The objective is clearly defined in the last sentence of the introduction. However, I think this sentence could be modified, because I think that the prototype does not exactly monitor the risk of stroke, but of AF, they are two very different things. This is the main problem of the article, stroke is a very heterogeneous disease from the etiological point of view, that is, it can be due to many causes and many risk factors are involved, the prototype only measures one. In this sense, it is also convenient to review the title.

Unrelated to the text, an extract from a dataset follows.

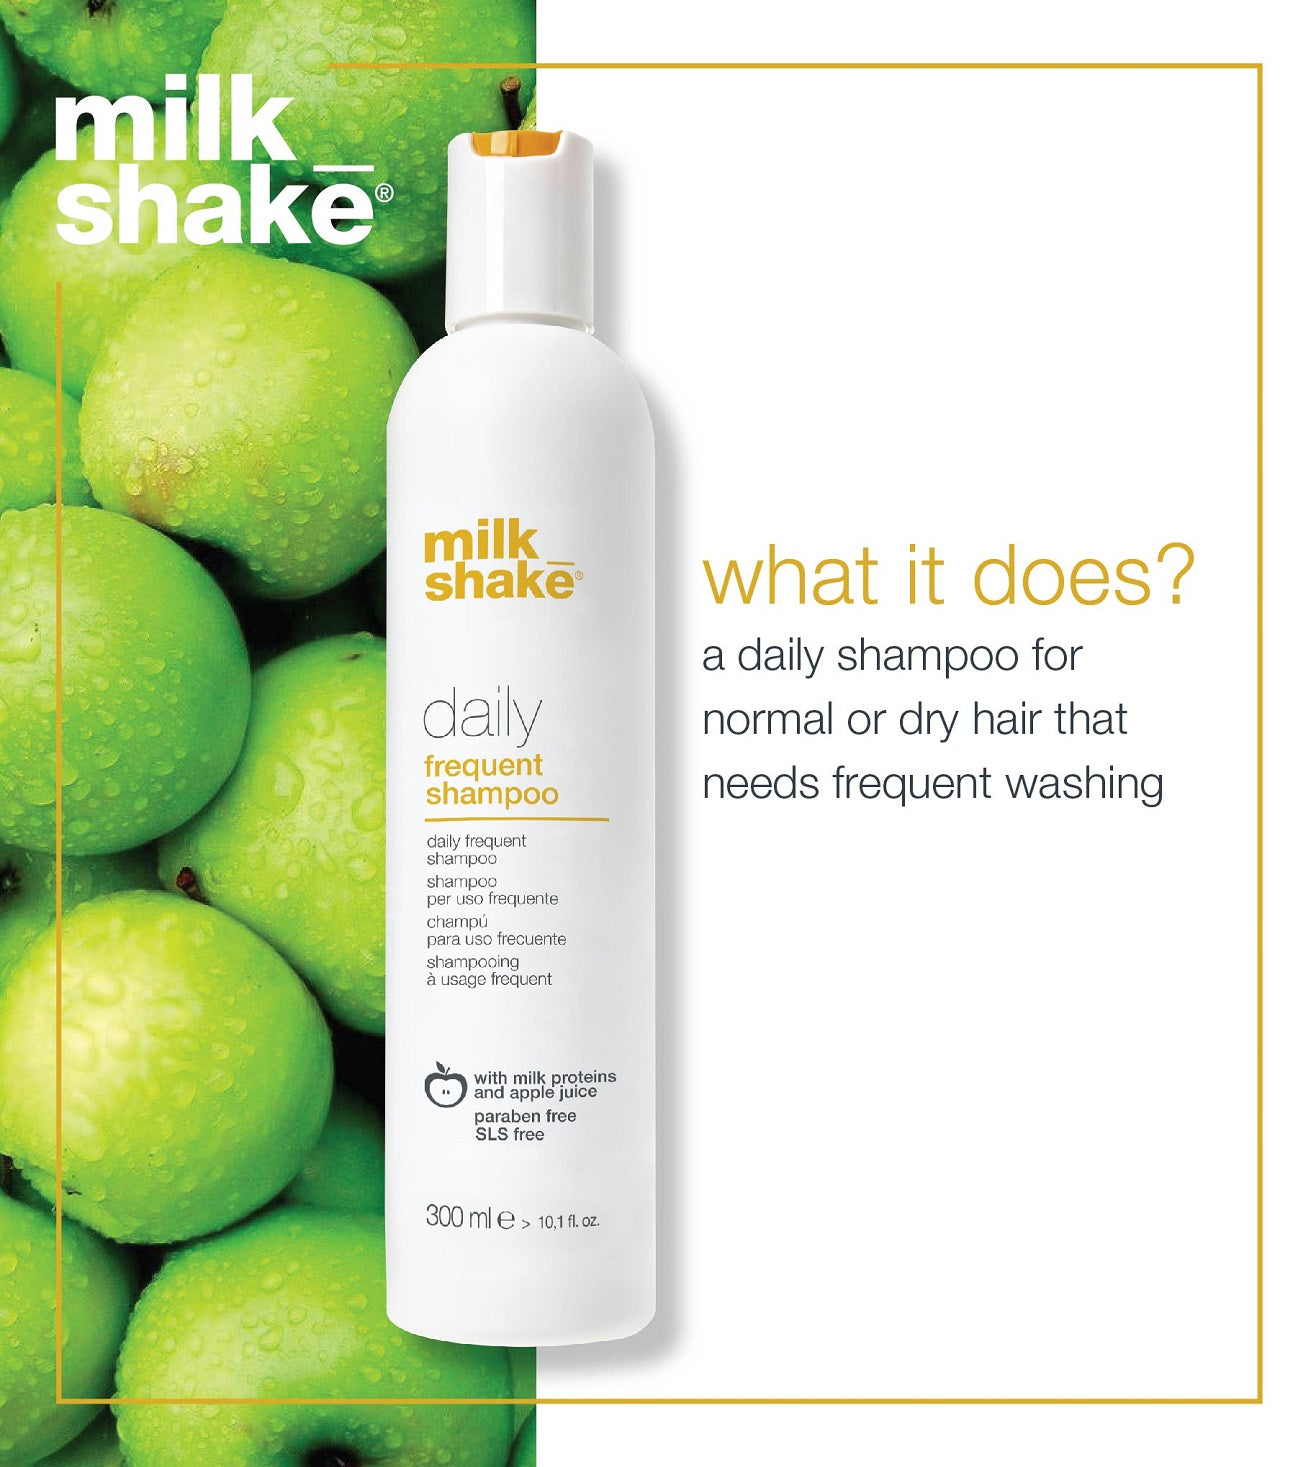 milk_shake daily frequent shampoo –
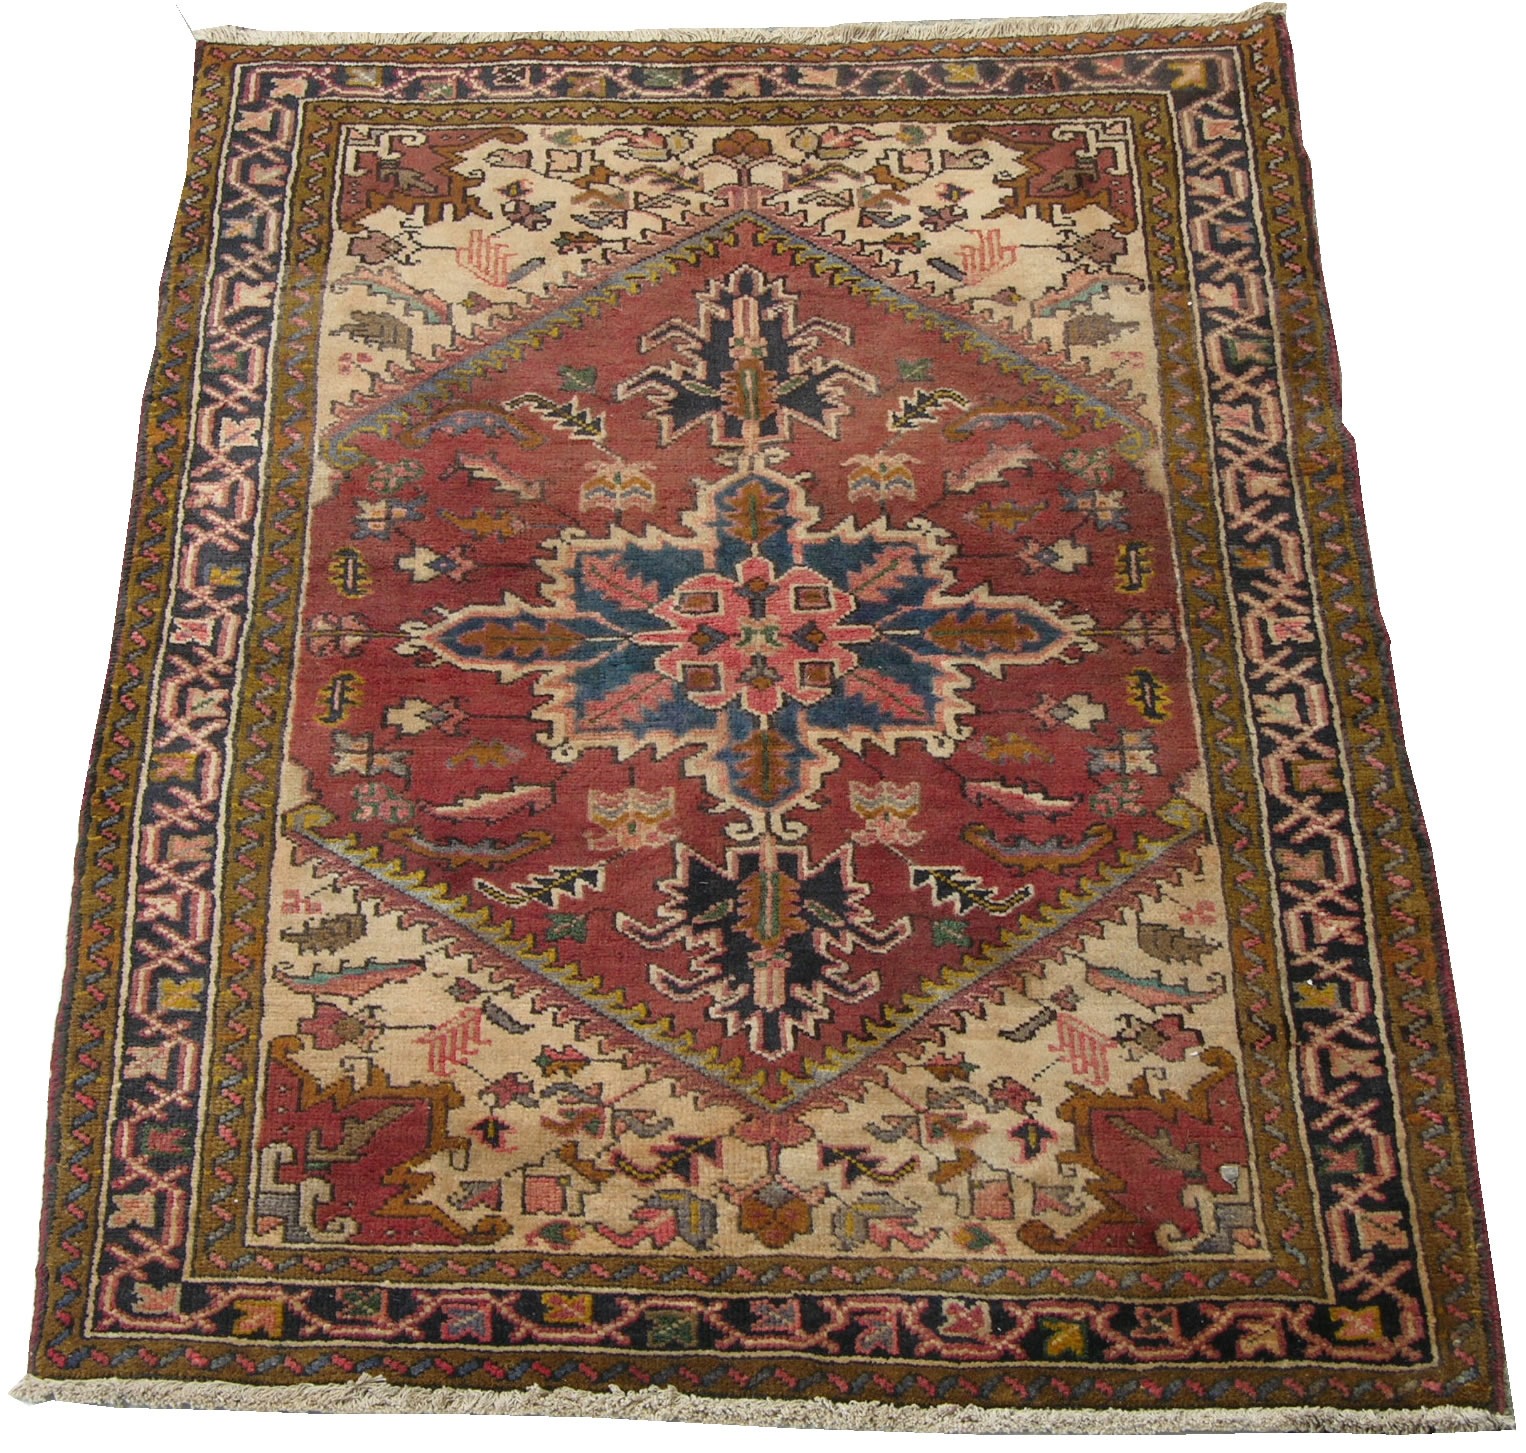 A Small Persian Carpet, 03.08.08, Sold: $207

The method is appropriate for the study, especially since the main objective of the article is not to develop a stroke risk scale, but to explain a prototype for the detection of FA.
As is, I am sure the article will be considered novel or relevant for publication. However, if the author offers a more detailed discussion, particularly of biological explanations, I think the article could be very interesting and useful for a very wide audience.
Another important issue that needs to be highlighted is the uncertain clinical significance of device-detected AF, potential challenges in integrating patient-created data into existing healthcare systems and clinical workflows, potential resulting harms false positives and identification of the appropriate population range. Investigator-driven screening efforts are potential concerns that warrant a full investigation. The authors did not clearly mention how they will test their prototype, a clinical trial may be necessary.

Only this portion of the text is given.